The massive earthquake that struck central Chile last month, triggering a local tsunami, caused nearly 30 billion dollars in damage, the finance ministry said Wednesday.

Of the total destruction wrought by the February 27 temblor, one of the worst on record,

The government will have to absorb 9.3 billion dollars in costs resulting from the February 27 temblor.

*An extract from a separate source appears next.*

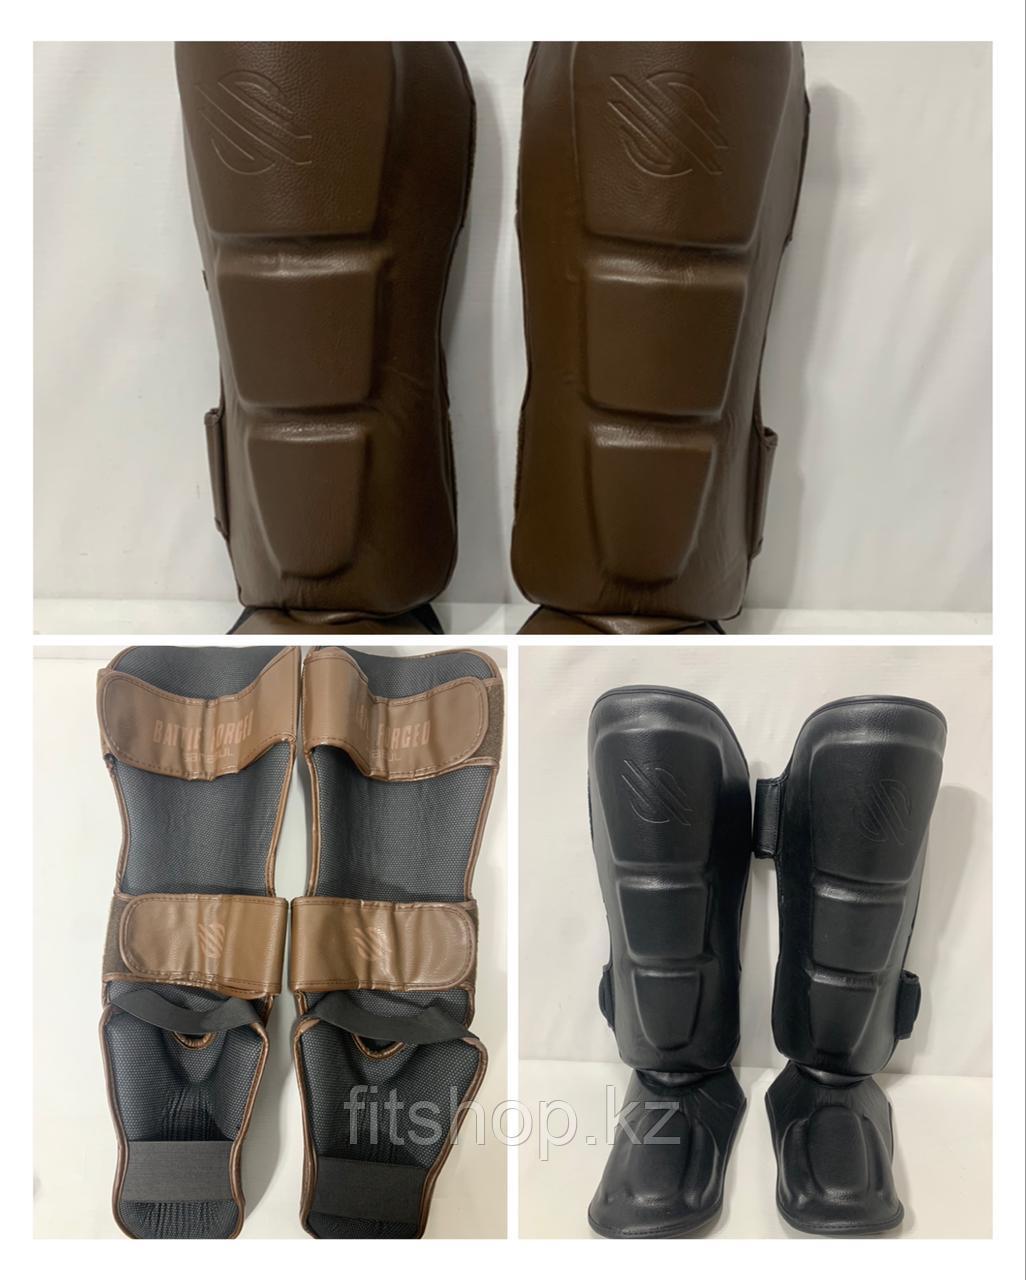 Защита голени и стопы  (Футы)

The remainder will be picked up by insurance companies (4.9 billion) and the private sector (7.8 billion), the ministry said in a report.

Additionally, the country will take a 7.6-billion-dollar loss to its output, the report said.

President Sebastian Pinera's government has not yet said how it will finance massive rebuilding needs.

The earthquake, which was especially devastating in the Biobio and Maule regions, killed 452 peop0le and left about 100 more missing.

earlier related report

Quake exposed Chile's military weakness: minister
Santiago (AFP) March 24, 2010 – Chile's defense minister said Wednesday he feared that the information and energy blackout which followed last month's massive earthquake showed the country is vulnerable to a foreign attack.

Defense Minister Jaime Ravinet denounced the collapse of the national emergency system in the hours following the quake, which struck at 3:34 am on February 27, in a speech at Chile's Military School.

"It is important to acknowledge that this natural catastrophe demonstrated a weakness in a country that seeks to belong to the First World, that wants to be developed… but where a lack of electricity and communications practically paralyzed us and that could have been from a foreign attack," he said.

The fears are not specious: Chile almost went to war with Argentina over a southern border dispute in 1978, and the conflict was only settled in 1984 after Pope John Paul II intervened.

There was also a war scare in 1979, on the 100th anniversary of the start of a war in which Bolivia lost its access to the sea and Peru lost two provinces to Chile.

In the first hours after the quake information was so sparse that the navy's Oceanography Service failed to provide a clear warning of the killer tsunami that slammed the Chilean coast.

Then-president Michelle Bachelet even went on a national broadcast and told Chileans there was no danger of a tsunami. Some people then went down to the beach, and were caught by the giant wave.

Before leaving office on March 11, Bachelet fired the head of the Oceanography Service and accepted the resignation of the head of Chile's emergency management agency, ONEMI.

The magnitude 8.8 earthquake killed 452 people, according to official figures, and about 100 have been reported missing.